RESOLUTION: try it behind the fuchsia and see what happens

Use it as supports for other stuff: this works for things like long sticks from the cornea/ bits of the vine but isn’t going to work for every thing

 The hotbin: currently mostly just kitchen waste. TBH I haven’t quite got the hang of the hot bin yet.

RESOLUTION: to try and cut the sticks down small and use them as “roughage” for the hotbin (and as a wider resolution, get the bin to work properly).

March

It looks like it’s working…. lots of flowers and no leaves. Next year, I just have to hold firm and leave the leaves there.

Corncockles

I’m growing these from seed too. They are “very rare” in the South East apparently or even extinct but they are very common in my back garden and in the Other Garden, and maybe anywhere else I can put them…

Is this vandalism? I don’t know

Cerinthe

I am growing this from seed – the first time I’ve grown something in the Autumn, not the Spring. I LOVE cerinthe and I bought 4 from Sarah Raven last year. That and sweet peas were the only flowers I got all summer. But they never thrive in my garden. They are spindly and disappear.

Cerinthe in flower

I took seed from these at the end of the summer and planted them in September in an old wooden drawer. They all came up! I potted these on. I love them because they look like plants are supposed to look like when you pot them on. All springing upright.

They are now a couple of leaves tall and in my new “greenhouse”. Nemone from Gardening Club says they will live through the winter if I keep them sheltered, maybe just tucked inside other plants. I wonder what will happen to them….

January 2021

Here they are in the “greenhouse”. Don’t they look lovely.

cerinthe seedlings
cerinthe seedlings

Navel Wort – the start!

I took some from my parents’ house in Cornwall. It grows up the stony walls and along the paths near their house – and up the back steps of garden, which are damp and shady. I love its shape and the places it reminds me of.

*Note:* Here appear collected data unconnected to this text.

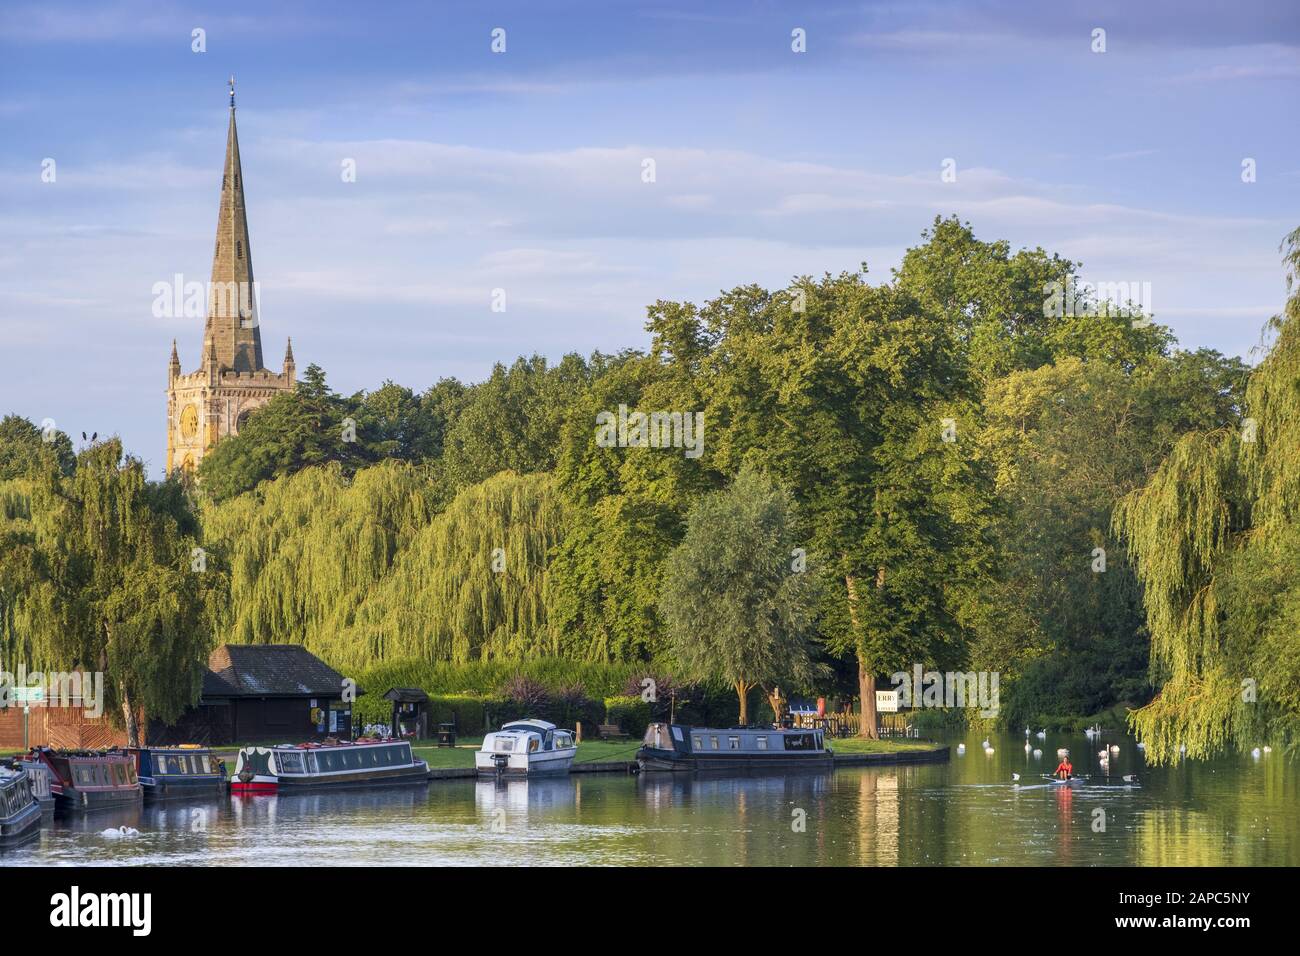 Vue sur la rivière Avon bordée de saules et la flèche de l'église Sainte-Trinité (lieu de sépulture de Shakespeare), Stratford-upon-Avon Banque D'Images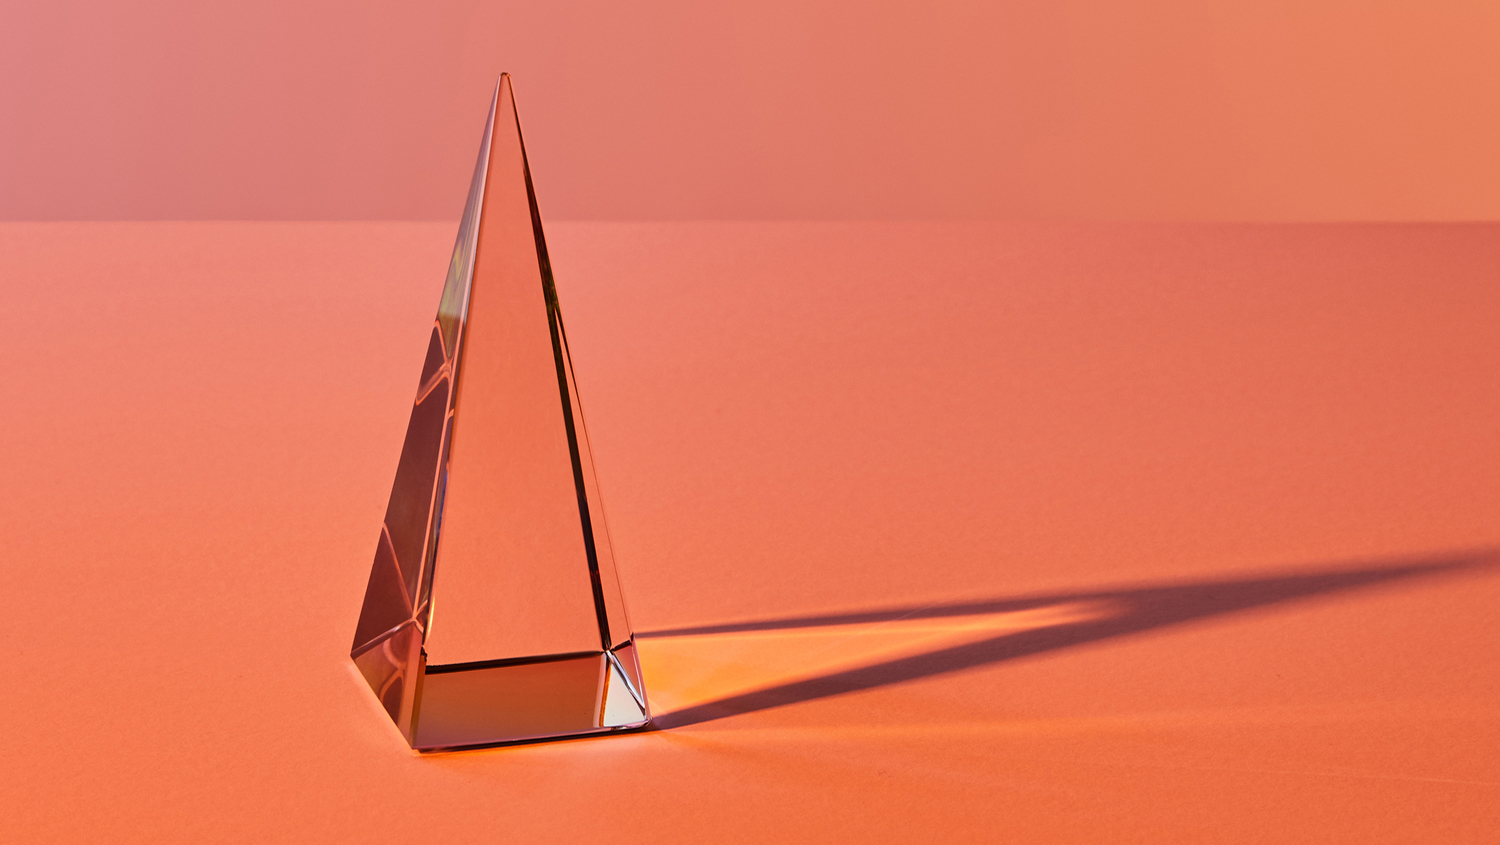 Genomskinlig spetsig glaspyramid. Även skuggan syns mot botten av tre olika orange nyanser.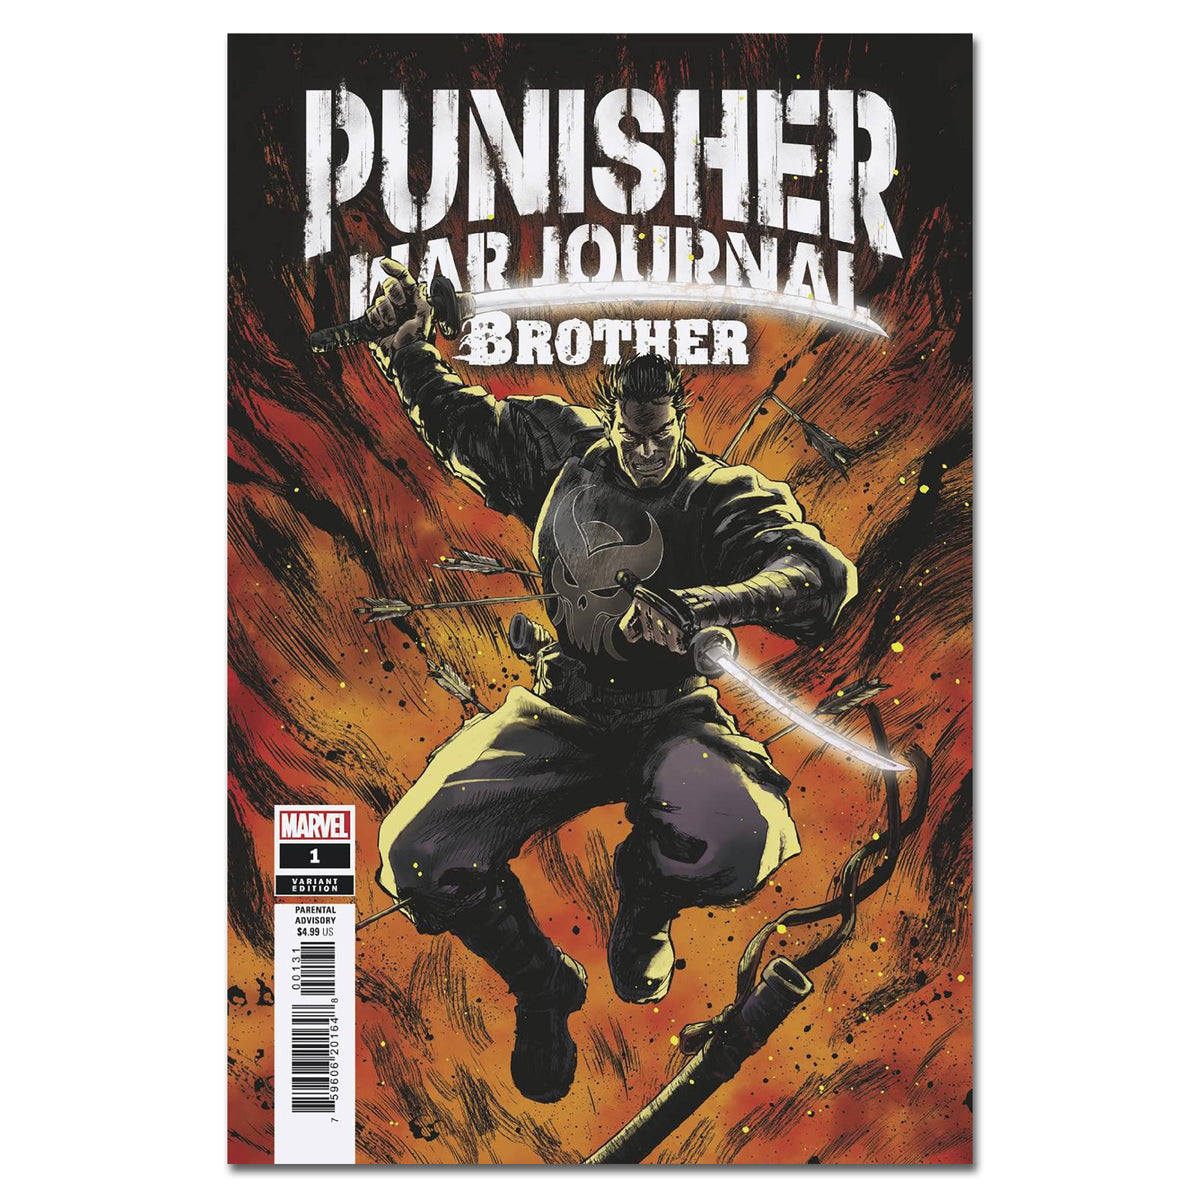 Punisher War Journal Brother #1 Cover Variant SUPERLOG FINALSALE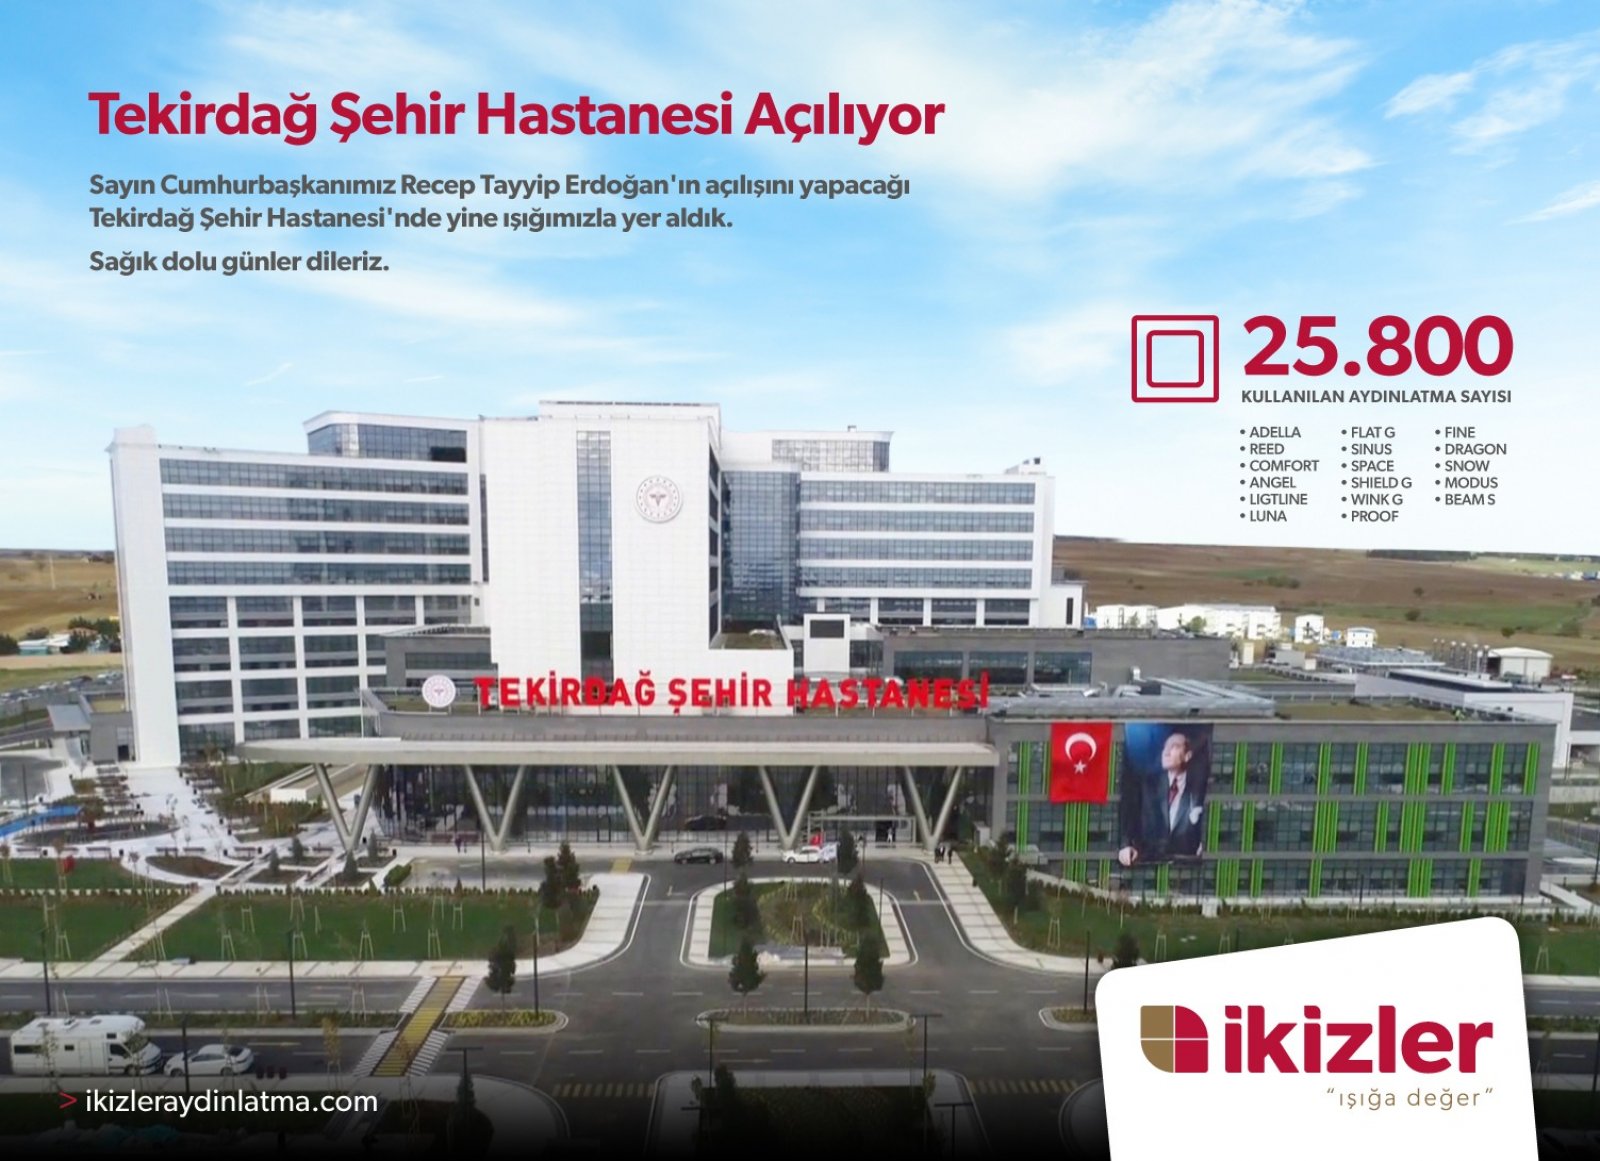 Tekirdağ City Hospital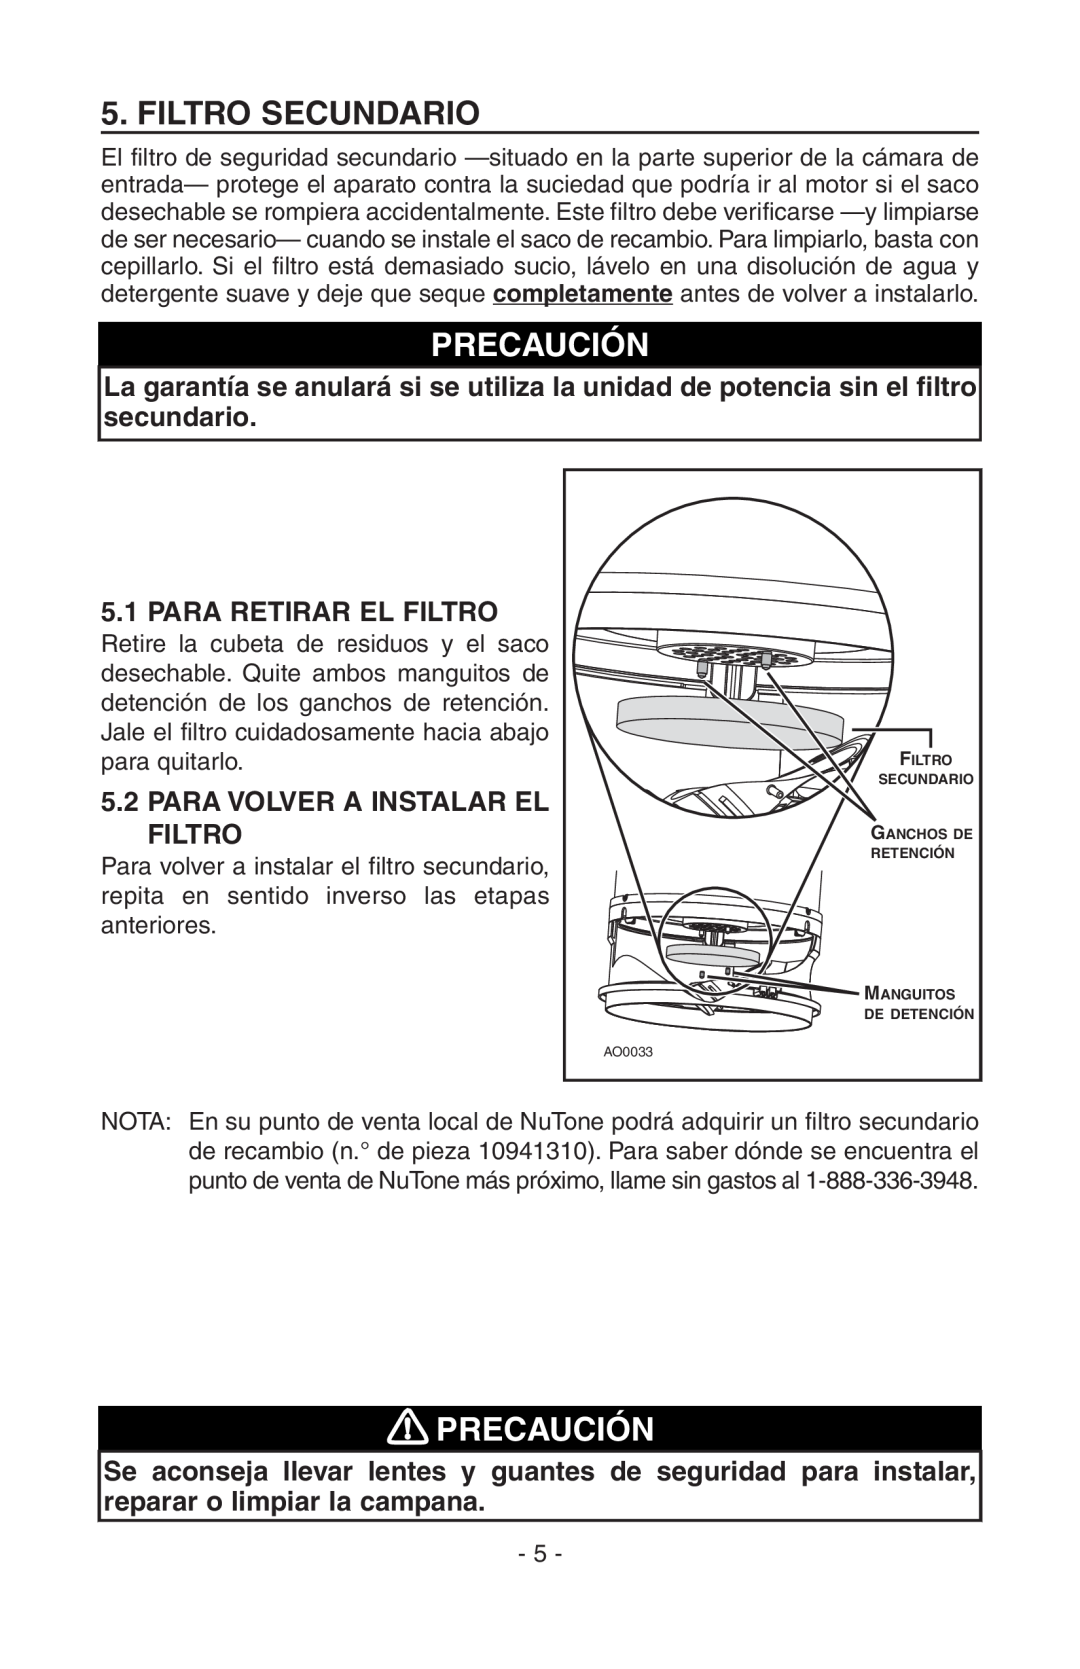 NuTone CV400, SFDB-DC manual Filtro Secundario, Precaución, 5.1PARA RETIRAR EL FILTRO, 5.2PARA VOLVER A INSTALAR EL FILTRO

I’ve grown it in 2 different places in the garden. Both shady, one down by the pond. One is in a pot under the roof terrace. The leaves look much bigger than the ones in Cornwall, I think this is because it’s in rich soil – the stuff in Cornwall is growing up the walls. I’m hoping this summer it will seed into the wall behind it….

My wildflower book says it is only found in the SW of England and I wonder if one day people will be confused that it has taken hold in Hackney…

DECEMBER 2020

Navelwort in a pot

My Back Garden: the back story

I love my back garden. It’s where I learnt how to garden and I see it as a process that has led to where it is now. And it has turned into a philosophy – or at least a way of thinking (more on that later). But looking back at pics of what it used to look like and what it looks like now, I wonder if it does look better….

I know it’s full of life and variety so that’s a plus but I’m not sure not sure it looks as good. Also, it looks very lush but very CROWDED… I think a lot of things have outgrown the space. And there is a real question of balance about gardening for nature and it being gardening, which is not the same thing as leaving for nature. Jon Little, who’s garden I went to see in the summer does this in a fab way and I need to learn more.

SUMMER 2020

What it used to look like…

So it used be a bit more conventional….Obviously these were taken when it was looking good (with a camera not a phone!).